Они заняли такое положение, при котором оба их профиля четко вырисовывались на шторе. Елена Павловна пододвинула кресло, императрица опустилась в него.

— Федор Григорьевич привез с собою манифест, сочиненный Тепловым и одобренный всеми. Вашему величеству необходимо ознакомиться с ним, — быть может, что дополнить или исключить. Только оный манифест пока у Федора Григорьевича в голове, и его необходимо еще записать для вашего величества.

— Я что-то плохо соображаю, дорогая. Что необходимо записать Федору Григорьевичу?

— Манифест, который вам, государыня, надлежит читать завтра при приведении к присяге. Федору Григорьевичу необходимы перо и бумага. Мы побоялись везти готовый манифест с собою, и Волков выучил его наизусть, чтобы записать здесь.

Екатерина улыбнулась.

— А, поняла! Вы известная умница, Helene. К тому же, чуточку неравнодушны к театральным штучкам. Федор Григорьевич найдет все нужное ему на письменном столике. Федор Григорьевич, вы не забыли тепловского творчества в обществе столь очаровательной спутницы?

— Не извольте беспокоиться, государыня. Я сейчас его протверживал мысленно и ручаюсь, что знаю урок не хуже «отче наш», — ответил Волков, стоя в дверях туалетной и любуясь, как ловко и проворно, а главное, как эффектно на тени Елена Павловна распускает густые и длинные волосы императрицы.

Волков записывал слова манифеста при свете единственной сальной свечи.
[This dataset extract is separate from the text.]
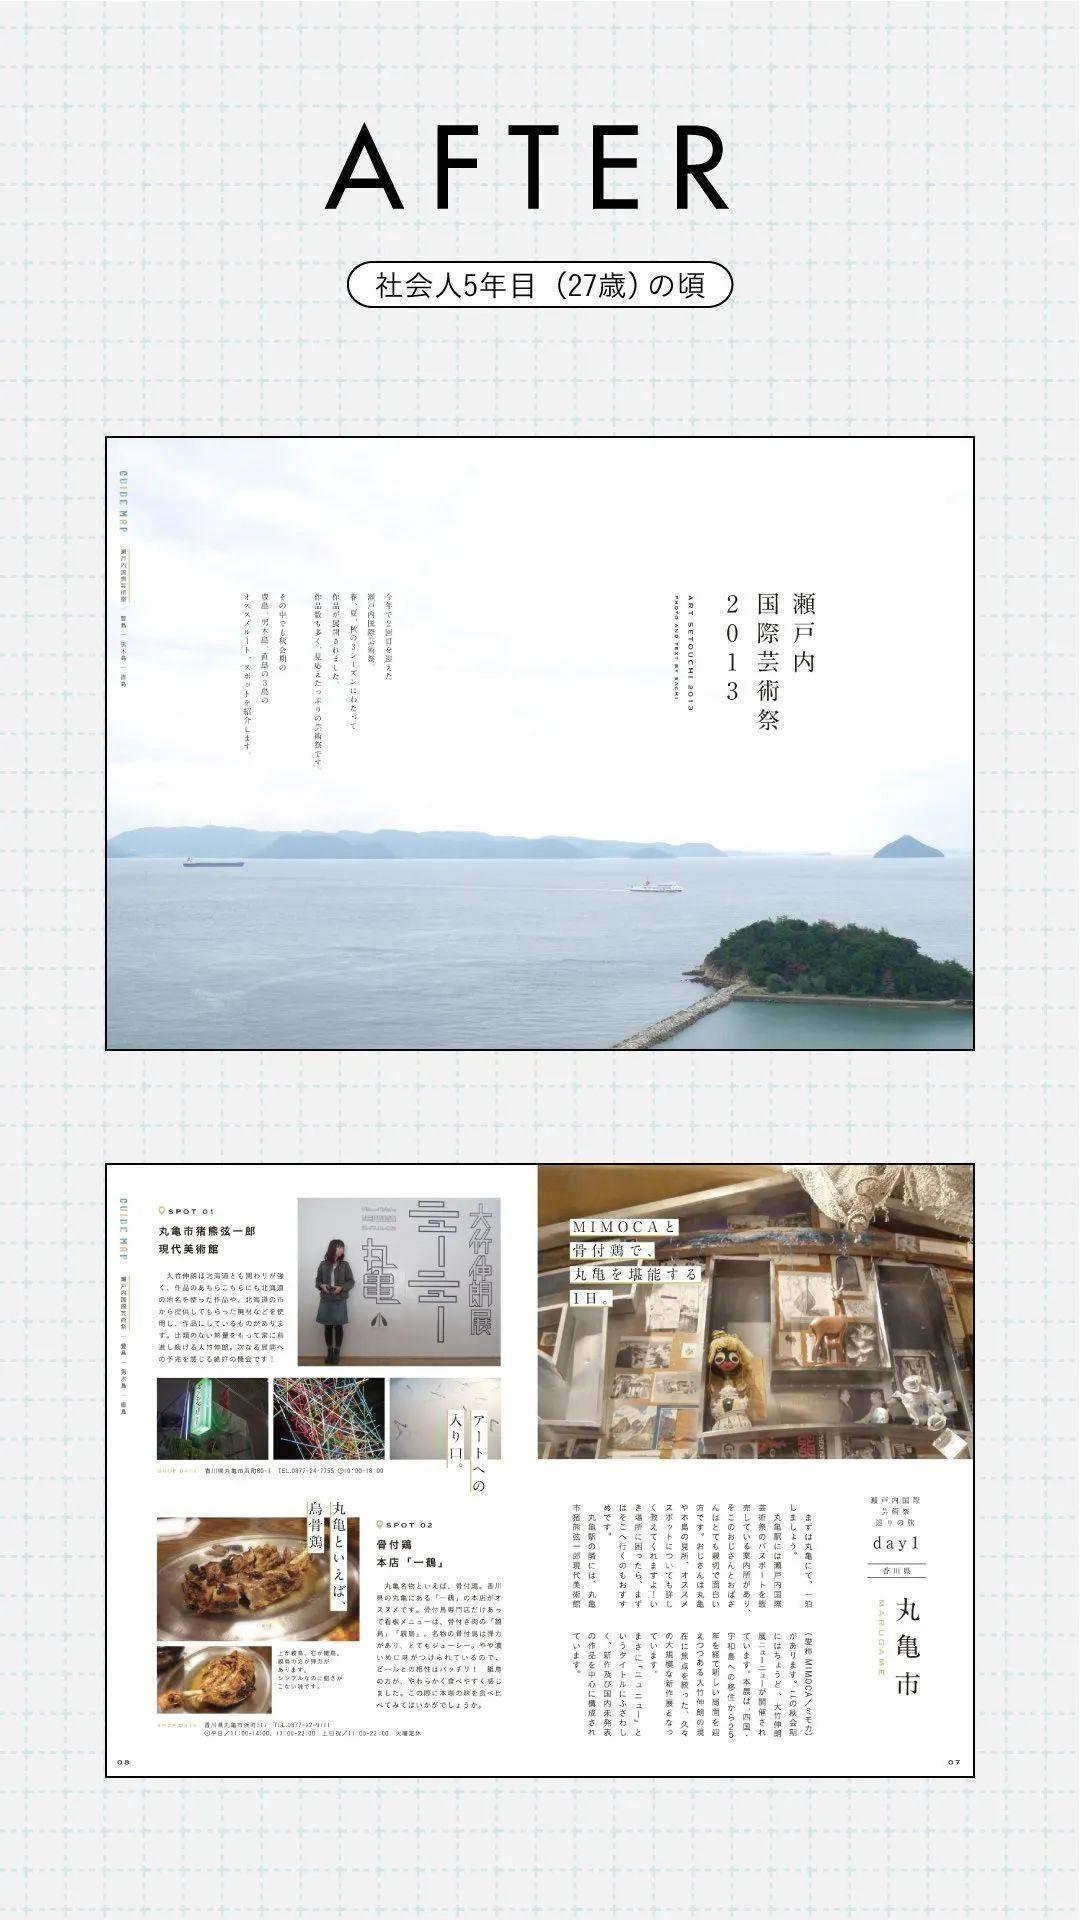 日本版式设计改稿经验分享
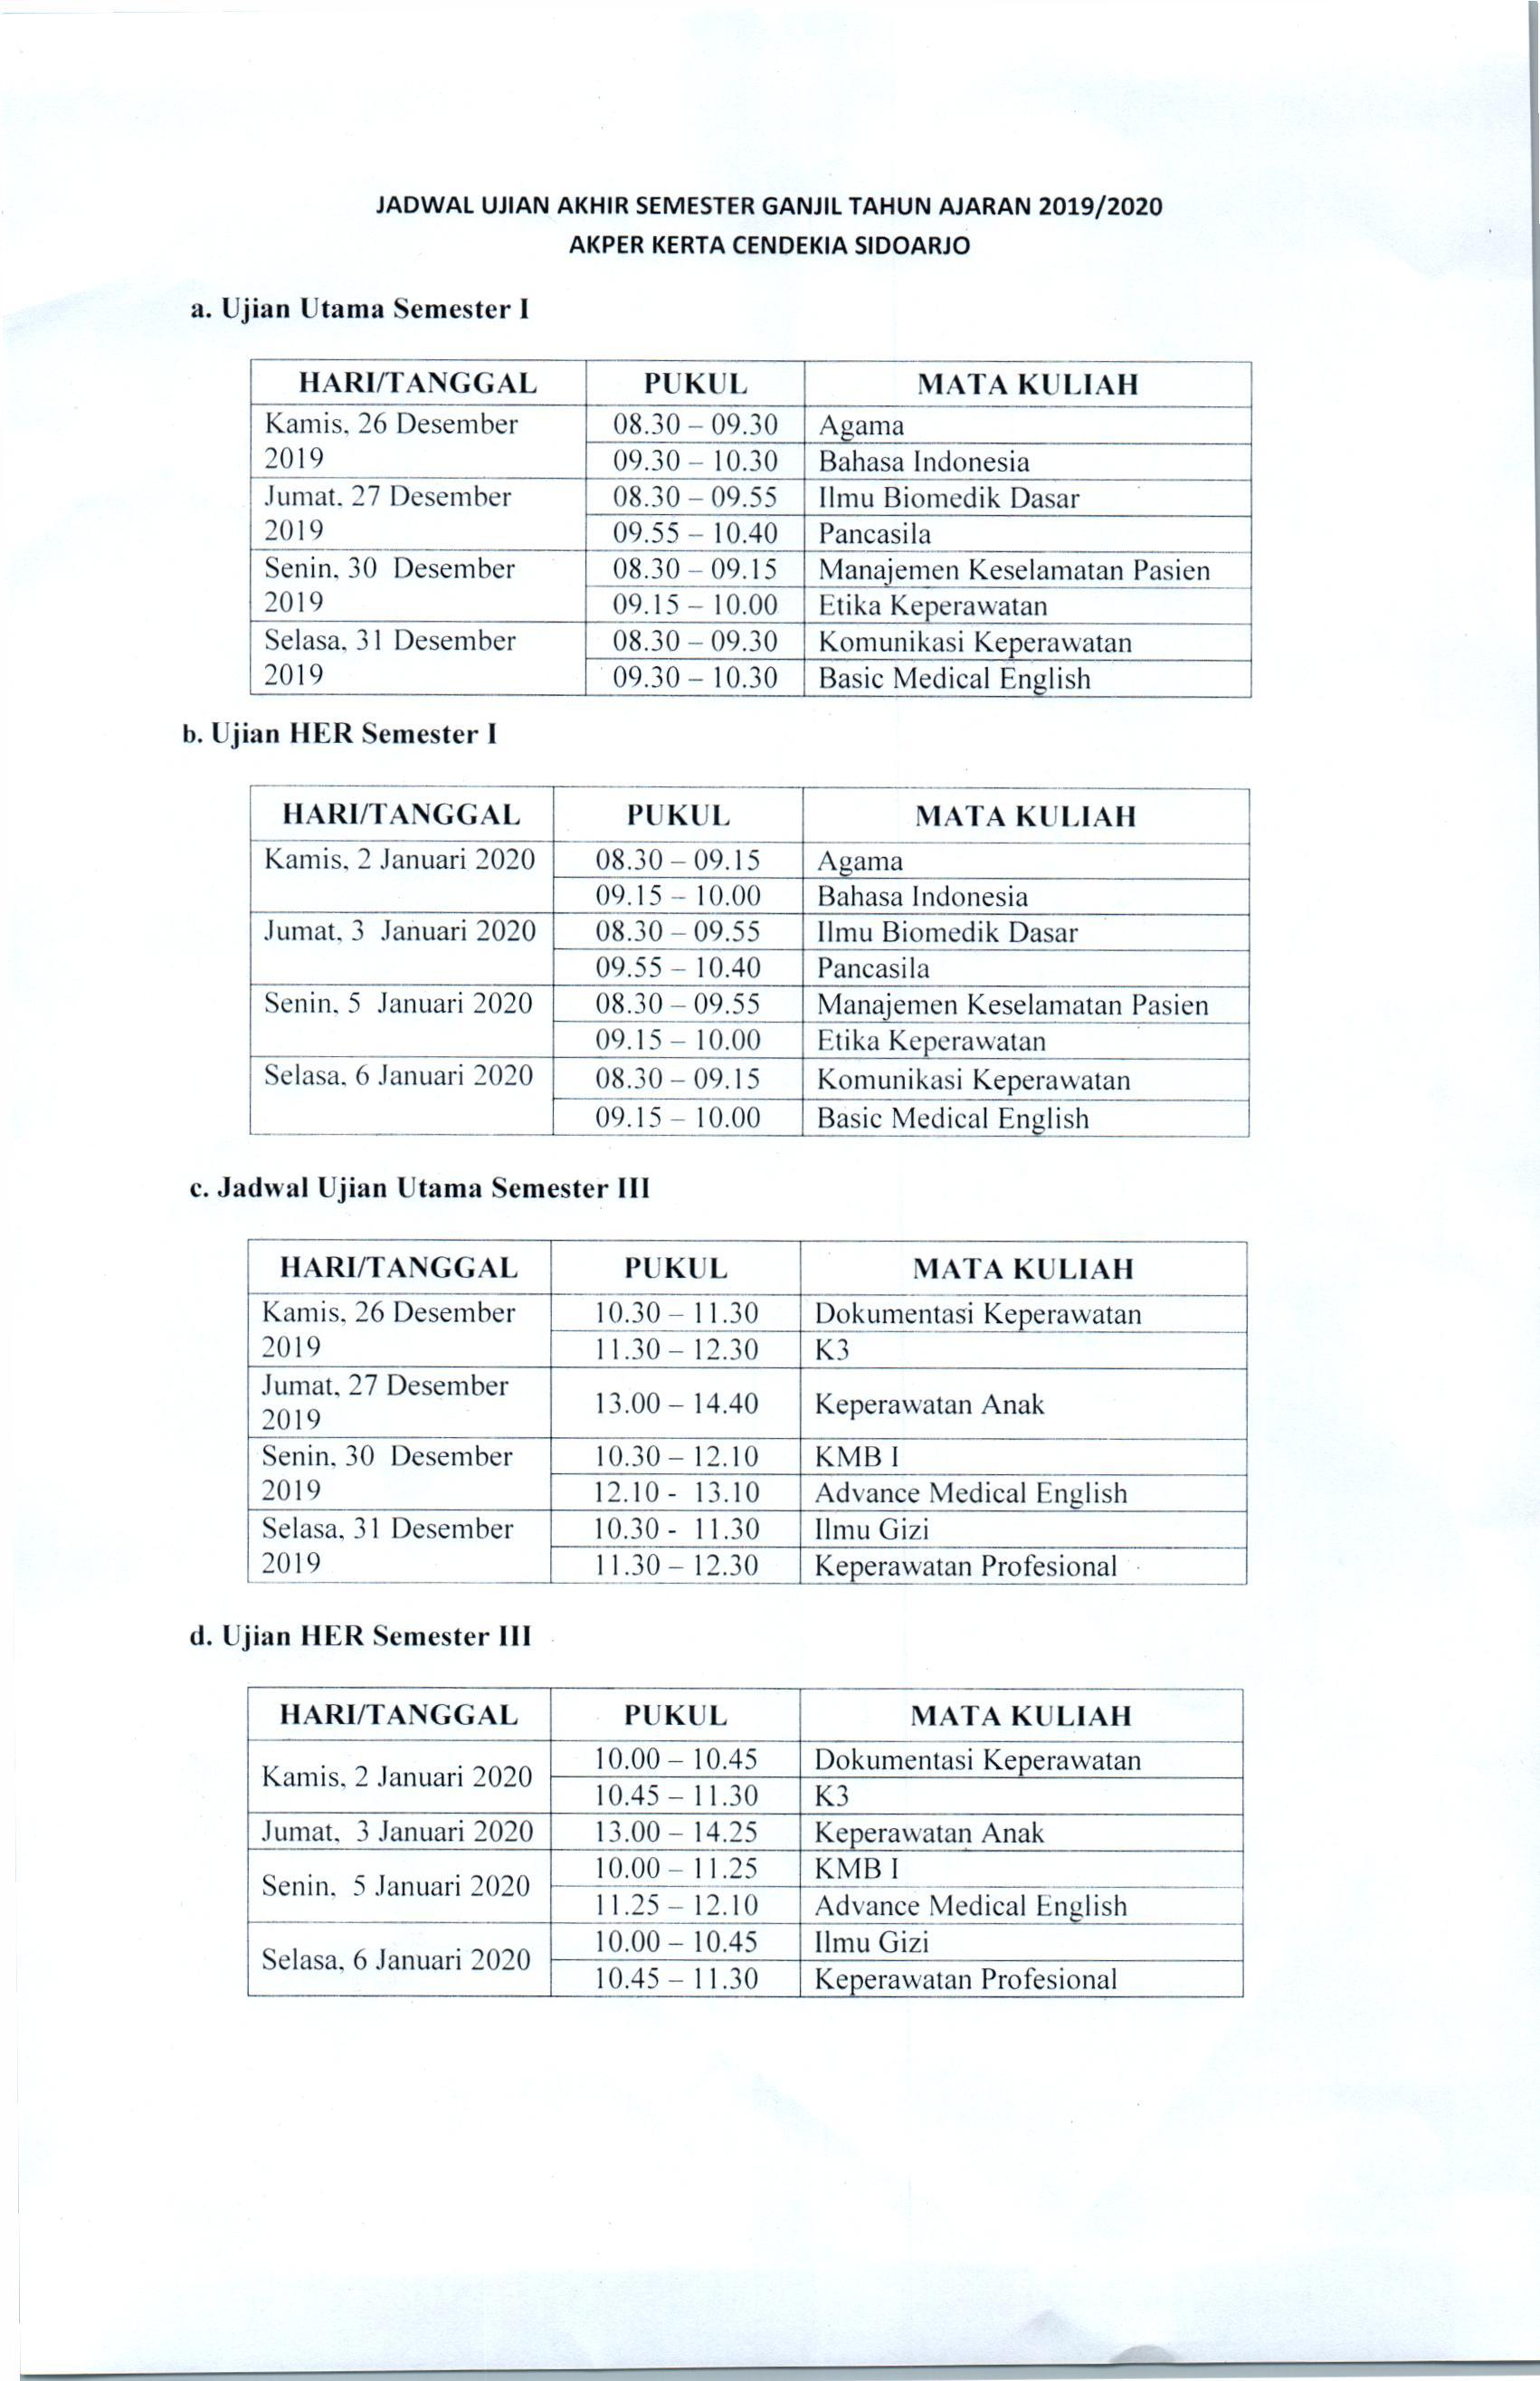 Jadwal Ujian Akhir Semester I dan III Tahun Akademik 2019/2020

Олсуфьева перебирала и расчесывала волосы императрицы, вполголоса рассказывая все, что знала о петербургской обстановке, и все детали намеченного плана.

Процедура причесывания тянулась долго. Олсуфьева слишком медленно работала руками и довольно проворно языком.

— Если у этой сцены имеются зрители, то она должна им порядком надоесть своим однообразием, — смеялась Екатерина, мельком взглядывая на китайские тени.

— О, они несомненно имеются! И не думаю, чтобы сцена им надоела. У них в Ораниенбауме, насколько мне известно, ни у кого нет таких роскошных волос… Да и во всей Голштинии вряд ли.

— Манифест готов, государыня, — сказал Волков, появляясь в дверях.

— Благодарю вас, мой друг. Кажется, и мы готовы. Не так ли, Helene?

— Минуточку терпения, государыня. Голштинцы, в награду за свою бдительность, должны получить еще более занятное зрелище. Разрешите избавить ваше величество от вашего вечернего платья и облачить вот в этот пеньюар. Федор Григорьевич, проявите немного скромности и отвернитесь на время в сторону. Подобные зрелища разрешаются только через оконную штору.

Императрица, смеясь, поднялась с кресла, и Олсуфьева с картинными жестами начала расстегивать ей крючки. Неторопливо, все время поглядывая на штору, сняла лиф. Тремя последовательными кругами упали юбки.

Екатерина сделала несколько зябких движений плечами и спиной.

— Отлично, ваше величество, получилось очень эффективно.

— Но мне действительно холодно, Helene. Вы меня, почитай, совсем раздели…

— Я же и одену, государыня. Соблаговолите набросить этот спальный капот. Вот так. Я тушу свечи, за исключением одной. Представление кончилось. Занавес!

— Вы очаровательная актриса, Helene, — рассмеялась Екатерина, выходя из спальни в туалетную.

Она просмотрела манифест.

— Здесь не особенно много сказано, — заметила она.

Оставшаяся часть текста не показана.